In some embodiments, an orthographic projection of a shell of the battery cell is located within an orthographic projection of the buffer structure in the first direction.

In the foregoing technical solution, the orthographic projection of the shell of the battery cell is located within the orthographic projection of the buffer structure, so that an area for disposing the buffer structure is sufficient. When the battery cell expands, the battery cell moves toward the buffer structure, the battery cell can extrude the buffer structure, and the buffer structure can absorb more expansion force. The expansion extrusion force on the battery cell can be further reduced, and the extrusion force on the frame can also be reduced, thereby greatly reducing a risk of deformation of the frame under stress.
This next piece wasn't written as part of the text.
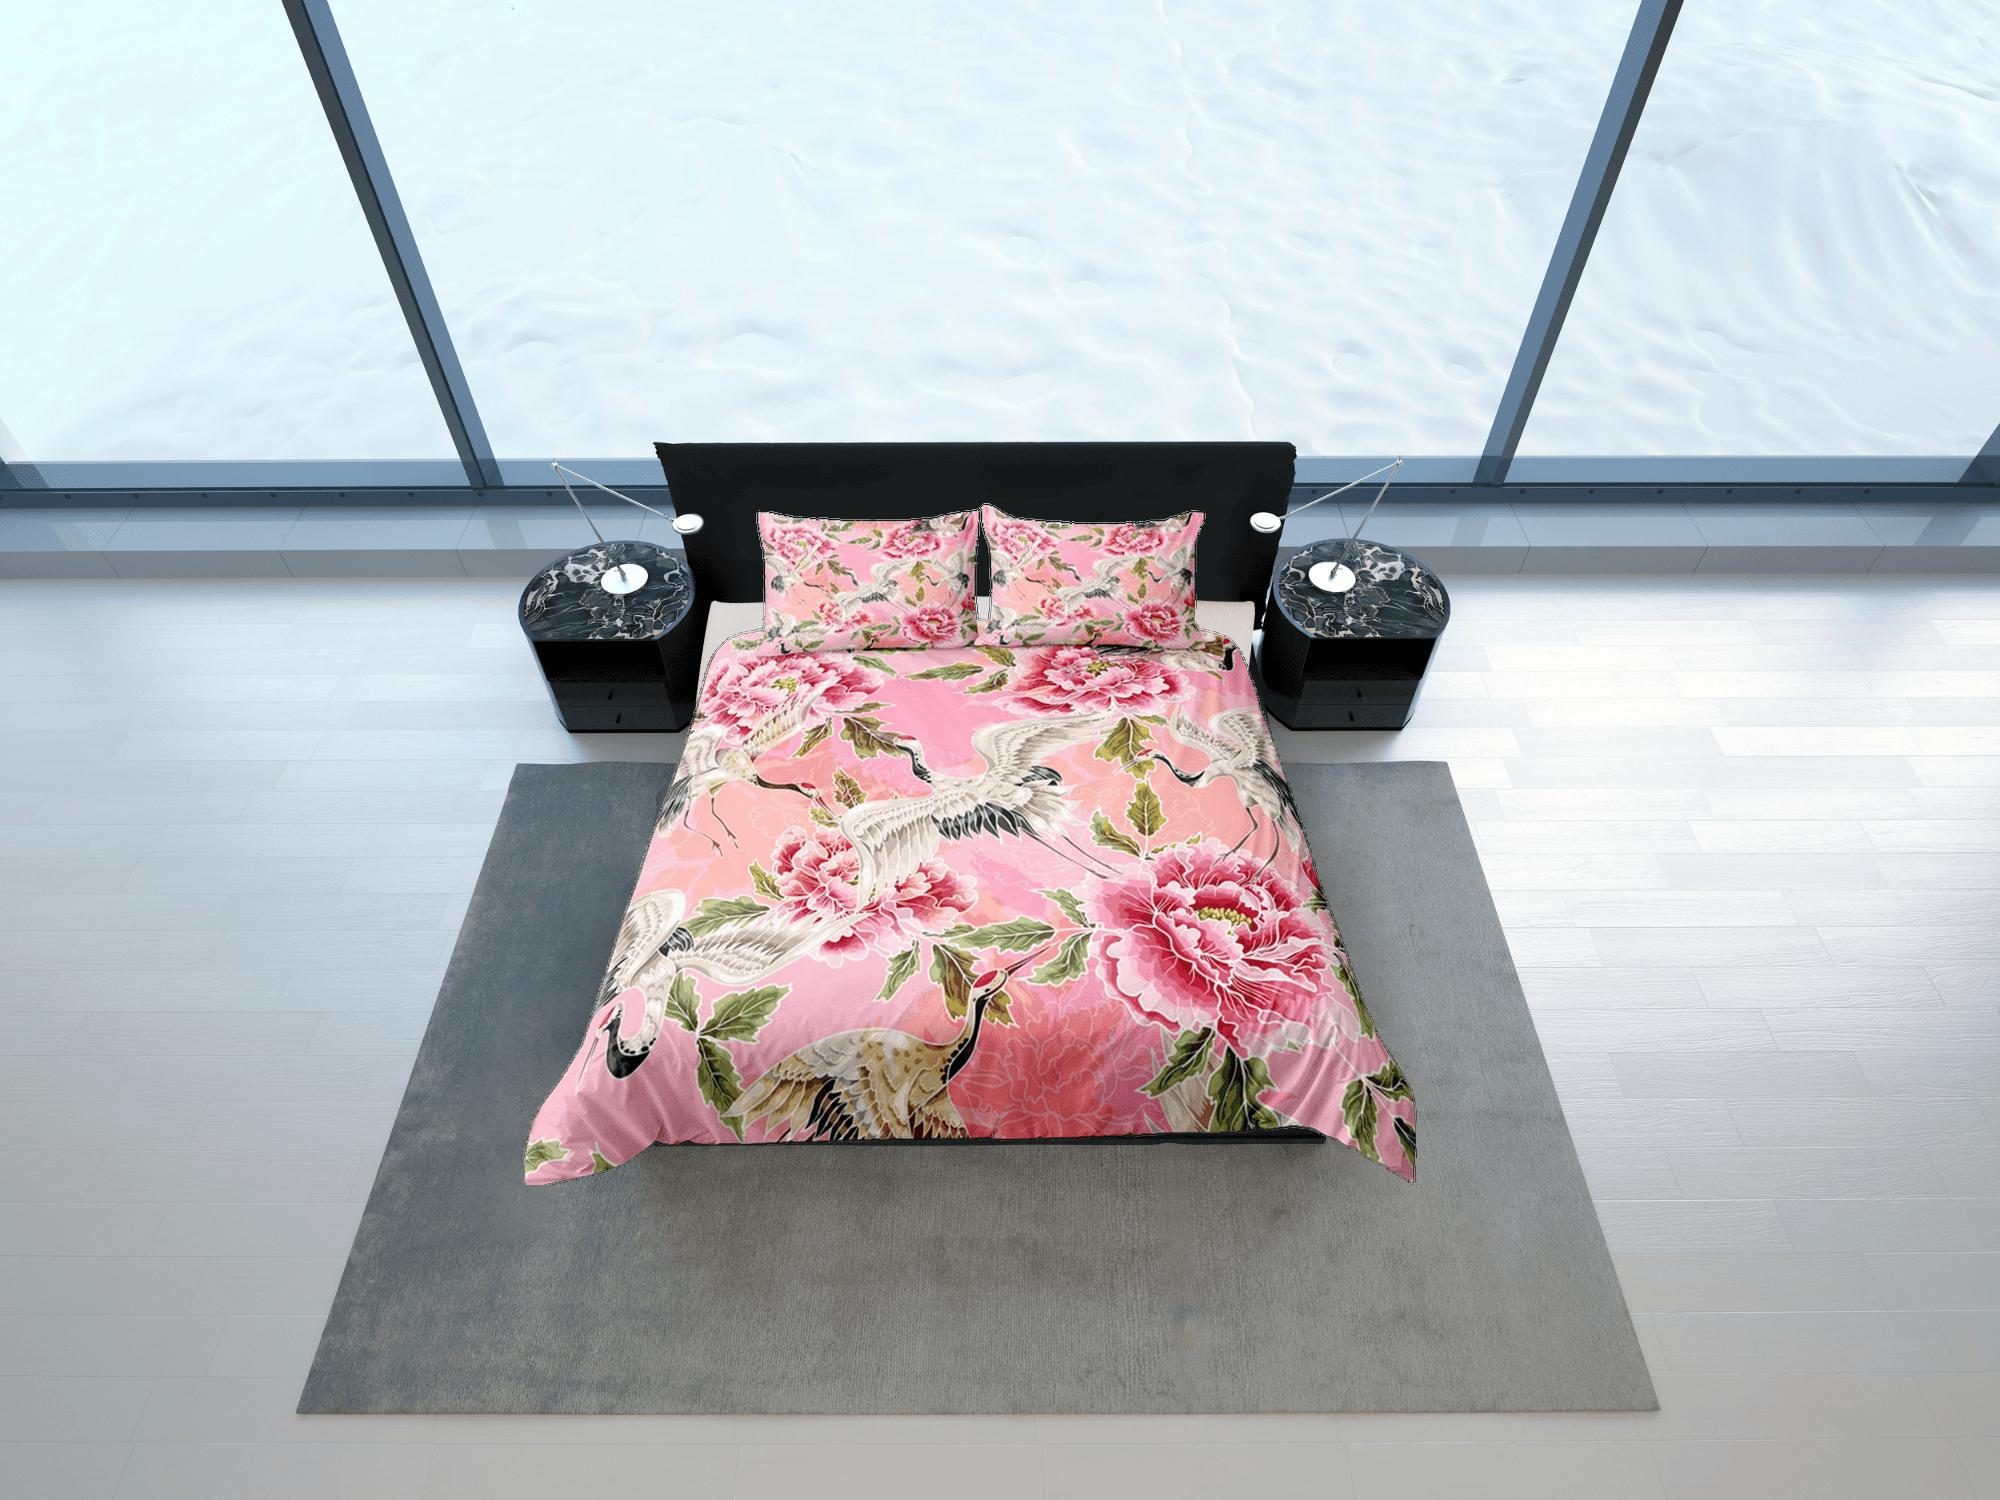 daintyduvet Pink Duvet Cover Set Floral Prints, Japanese Art Crane Bird Comforter Cover Set Pillowcase | Size King, Queen, Full, Twin & Single Bedding
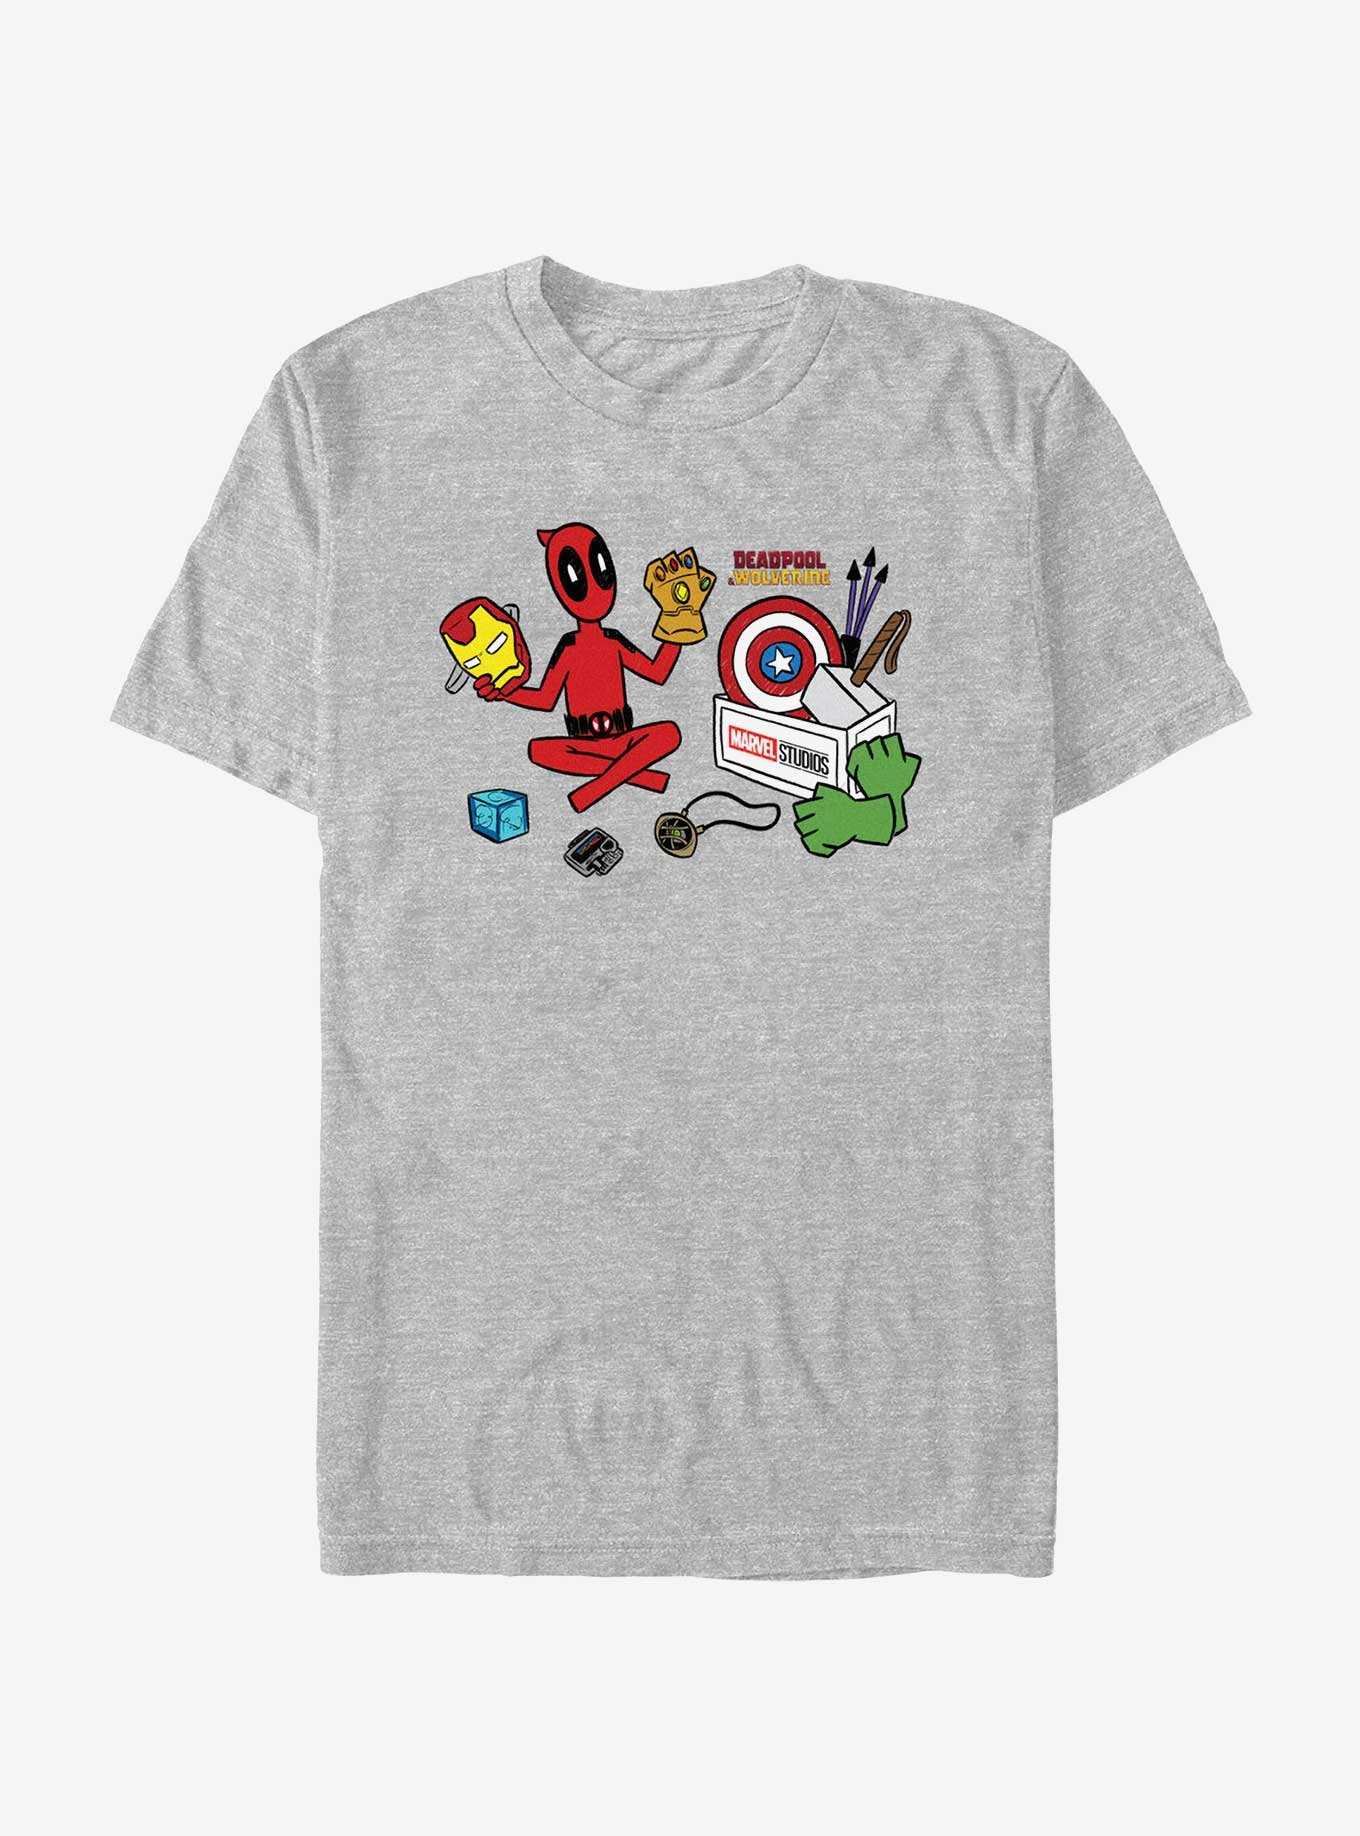 Marvel Deadpool & Wolverine Avengers Things T-Shirt, , hi-res

In some embodiments, the buffer structure has a first face and a second face opposite to each other. The first face and the second face are planar. The first face and the second face are in contact with the adjacent battery cell and the frame, respectively.

In the foregoing technical solution, the first face and the second face are disposed, and the first face and the second face are both planar. The buffer structure can be in face-to-face contact with the battery cell, and the buffer structure can be in face-to-face contact with the frame. When the battery cell moves in the first direction, the battery cell and the buffer structure can be uniformly stressed, thereby reducing stress concentration between the battery cell and the buffer structure.

In some embodiments, a through hole is provided in the buffer structure.

In the foregoing technical solution, it is beneficial for the buffer structure to be compressed by disposing a through hole, so that the buffer structure can better absorb the expansion force. In addition, a weight of the buffer structure can be reduced by disposing the through hole, which is beneficial for implementing a lightweight design of the battery. Also, materials for producing the buffer structure can be reduced, and production costs of the buffer structure can be reduced, thereby reducing production costs of the battery.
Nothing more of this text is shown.